Registration is ongoing for the 2011 Larry Branen Idaho Ag Summit taking place on Monday, February 14 and Tuesday, February 15, 2011 at the DoubleTree Riverside, Boise, ID.  This year’s theme is “Advocacy, Ambition, and Idaho Agriculture.”

There are some great presentations, sessions and workshops scheduled. Starting on Monday, Betty Wolanyk will give a presentation titled, “Are You Smarter Than The Activist?” Later that afternoon, a panel has been put together to discuss Issues and Viability of Idaho Agriculture. Dinner that night is an All Idaho Strolling Supper starting at 6:00 pm. Your Idaho Legislators have been invited, and this would be a great opportunity to speak with them on the many upcoming, ongoing, and completed projects in your district.

Tuesday starts at 7:30am with an Ag Leadership Breakfast. At 9:30am, University of Idaho Research/Extension is giving a presentation titled, “Idaho’s Return on Investment”. Finally, the Governor’s Awards Luncheon and Presentation of Excellence in Agriculture Winners are announced. The luncheon will be at noon.

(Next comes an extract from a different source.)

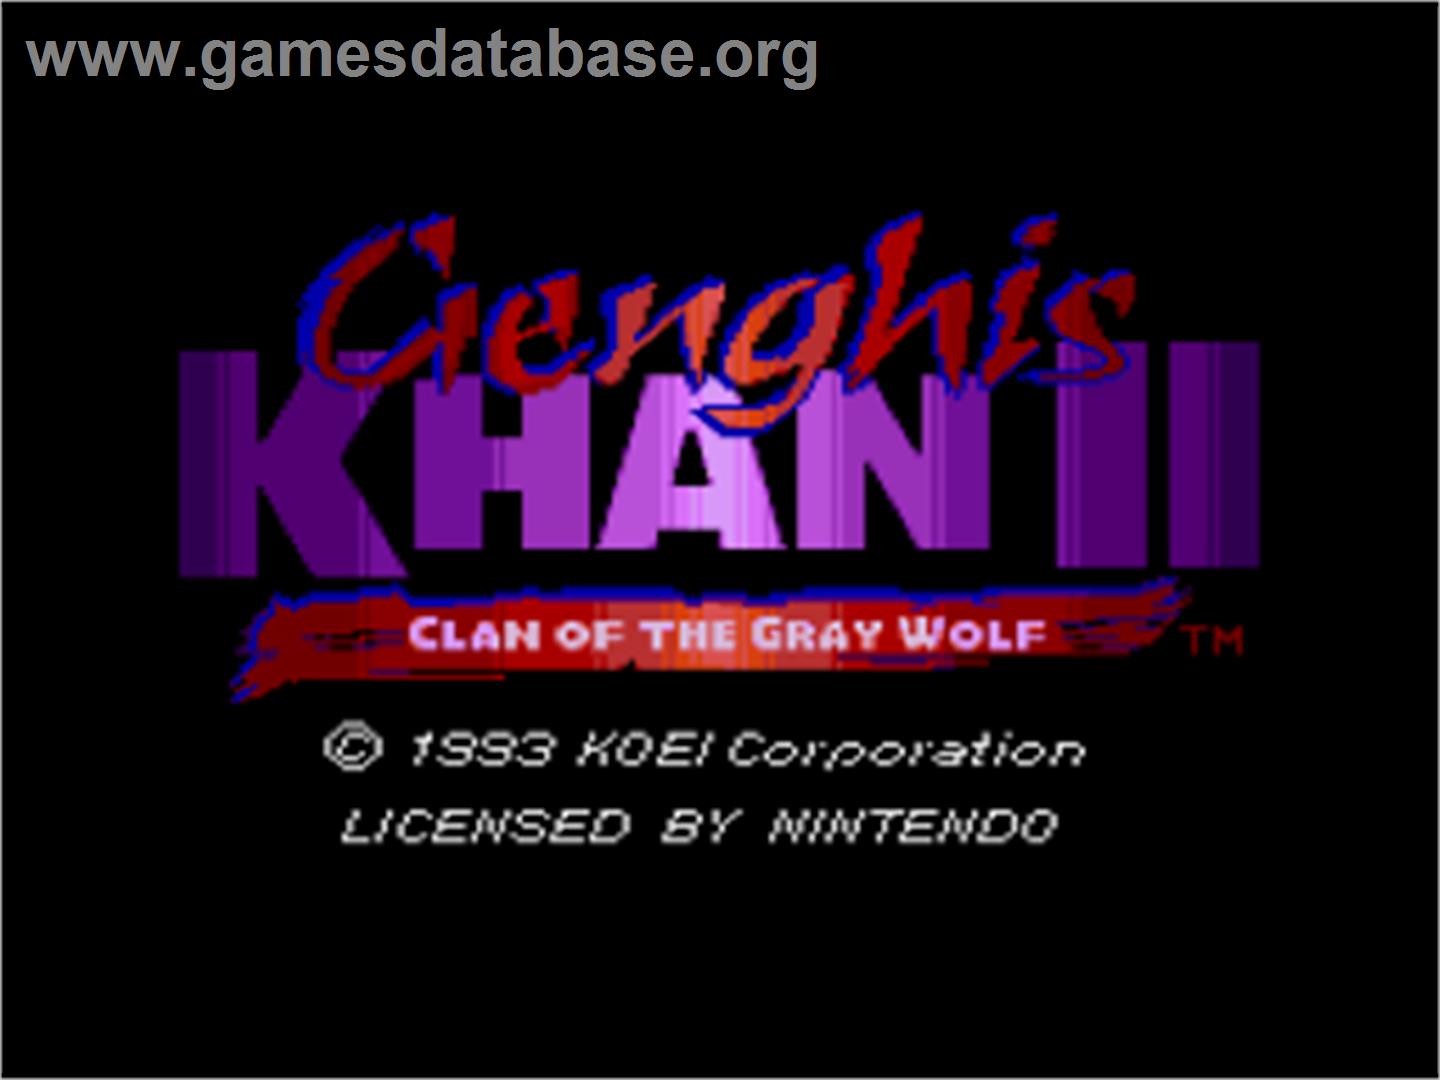 Genghis Khan II: Clan of the Grey Wolf - Nintendo SNES - Artwork - Title Screen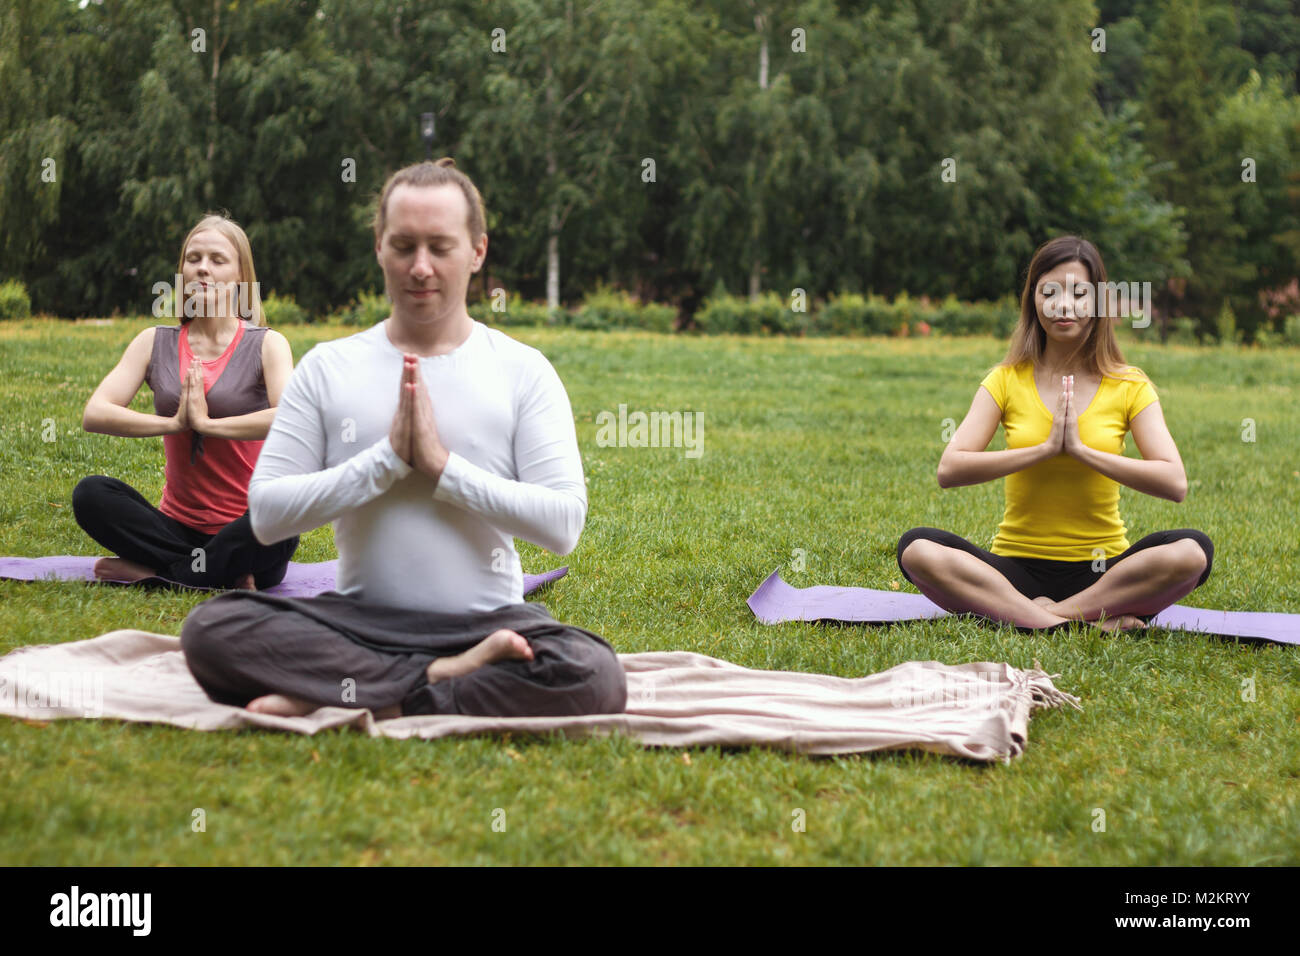 Lo Yoga sportivi nel parco - gli atleti in lotus pongono Foto Stock

UPDATE! Betty Wolanyk will be leading a workshop on Tuesday afternoon titled, “Are We Answering The Right Questions?”. This is an interactive presentation that will help develop skills and learn some new techniques in communicating the importance of the agriculture industry. The workshop runs from 2pm to 4pm, and costs $20 per person. This fee includes all materials, summary CD and refreshments. To register, contact Kay Johnson at 208-888-0988.

Young farmers and ranchers under the age of 40 can attend the Summit for $60. For more information, please visit the Larry Branen Idaho Ag Summit website.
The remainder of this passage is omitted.